I tried adding the patch to /etc/portage/patches cat /etc/portage/patches/net-misc/openssh/c21c3a2419bbc1c59cb1a16ea356e703e99a90d9.patch diff --git a/sshd.c b/sshd.c index 7cce5ad3d5f..6827cedea6f 100644 --- a/sshd.c +++ b/sshd.c @@ -1341,7 +1341,7 @@ main(int ac, char **av) break; } } - if (!test_flag && !do_dump_cfg && !path_absolute(av[0])) + if (!test_flag && !inetd_flag && !do_dump_cfg && !path_absolute(av[0])) fatal("sshd requires execution with an absolute path"); closefrom(STDERR_FILENO + 1); the patch applies, but it doesn't fix the problem. Bummer.

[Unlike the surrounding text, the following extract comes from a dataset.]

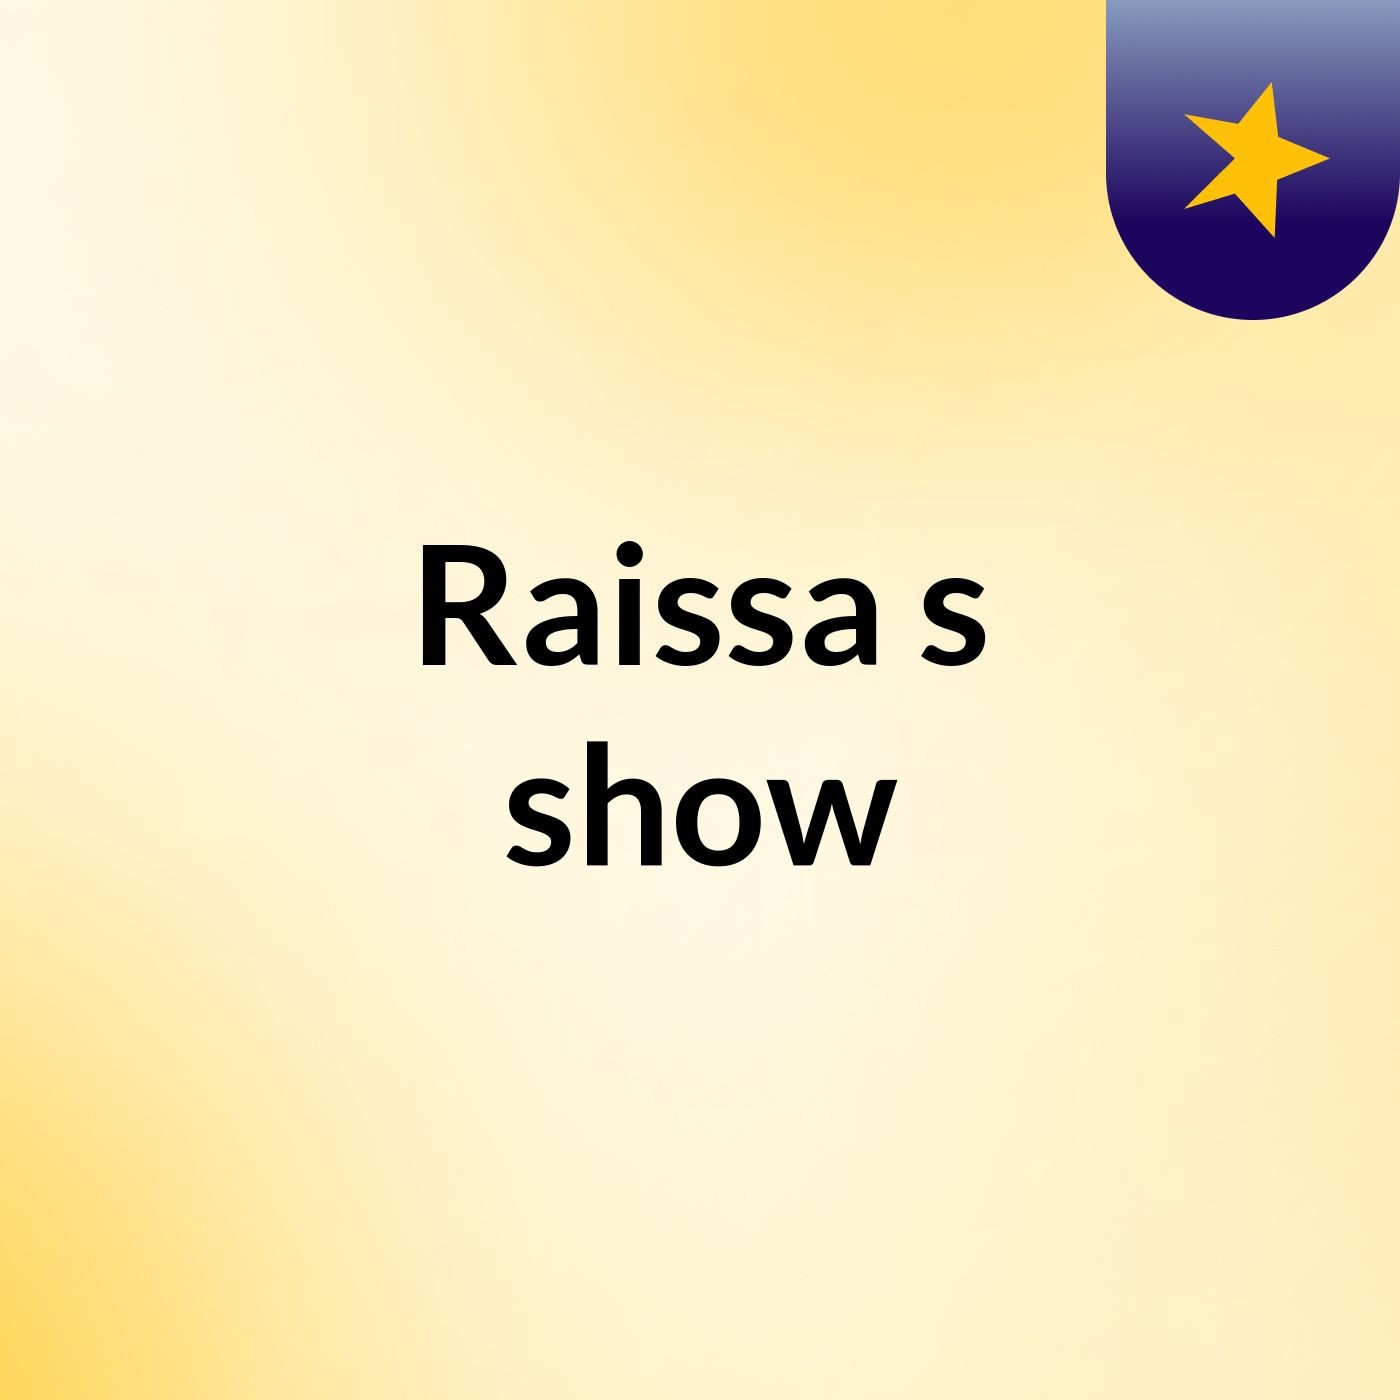 Raissa's show
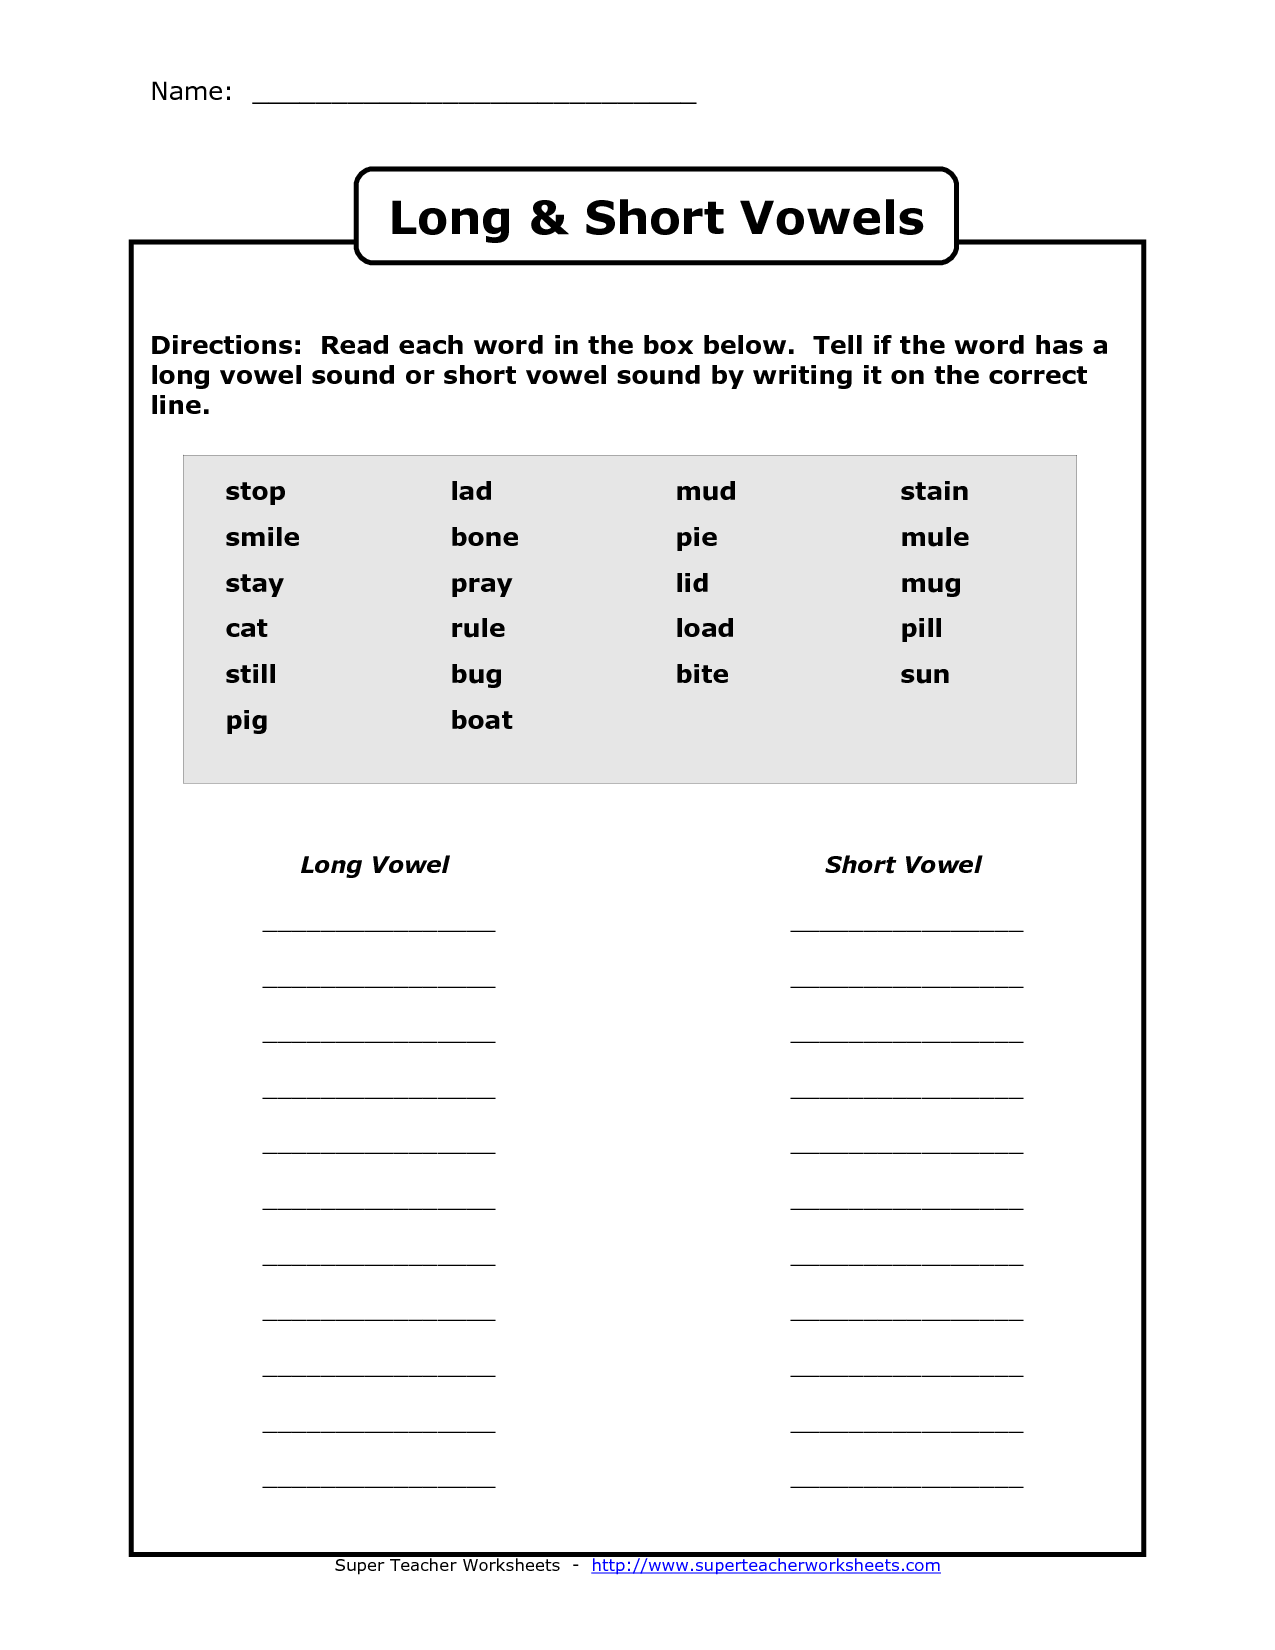 Long and Short Vowel Sounds Worksheet

I was also unable to reproduce the issue with systemd 255.11 or 255.12. Upon connecting, the journal looks like this: > Oct 10 22:42:24 naomi systemd[1]: Started OpenSSH per-connection server daemon (127.0.0.1:37936). > Oct 10 22:42:24 naomi sshd[190401]: Accepted publickey for floppym from 127.0.0.1 port 37936 ssh2: ED25519 SHA256:DCoY9Ce2/ckQwdpdzic4SbsR1SKbnLf+vEVRd9KlKi0 > Oct 10 22:42:24 naomi sshd-session[190401]: pam_unix(sshd:session): session opened for user floppym(uid=10000) by floppym(uid=0) > Oct 10 22:42:24 naomi systemd-logind[778]: New session 142 of user floppym. > Oct 10 22:42:24 naomi systemd[1]: Started Session 142 of User floppym. > Oct 10 22:42:27 naomi sshd[190404]: Received disconnect from 127.0.0.1 port 37936:11: disconnected by user > Oct 10 22:42:27 naomi sshd[190404]: Disconnected from user floppym 127.0.0.1 port 37936 > Oct 10 22:42:27 naomi sshd-session[190401]: pam_unix(sshd:session): session closed for user floppym > Oct 10 22:42:27 naomi systemd[1]: sshd@2-127.0.0.1:22-127.0.0.1:37936.service: Deactivated successfully. > Oct 10 22:42:27 naomi systemd[1]: session-142.scope: Deactivated successfully. > Oct 10 22:42:27 naomi systemd-logind[778]: Removed session 142.
The systemd unit specifies an absolute path to sshd, so that issue is unrelated I think.
(In reply to Mike Gilbert from comment #8) > The systemd unit specifies an absolute path to sshd, so that issue is > unrelated I think. Ah.
If Mike can't reproduce (and seemingly nobody else can), I suggest starting up dropbear or another sshd on another port and then bisecting.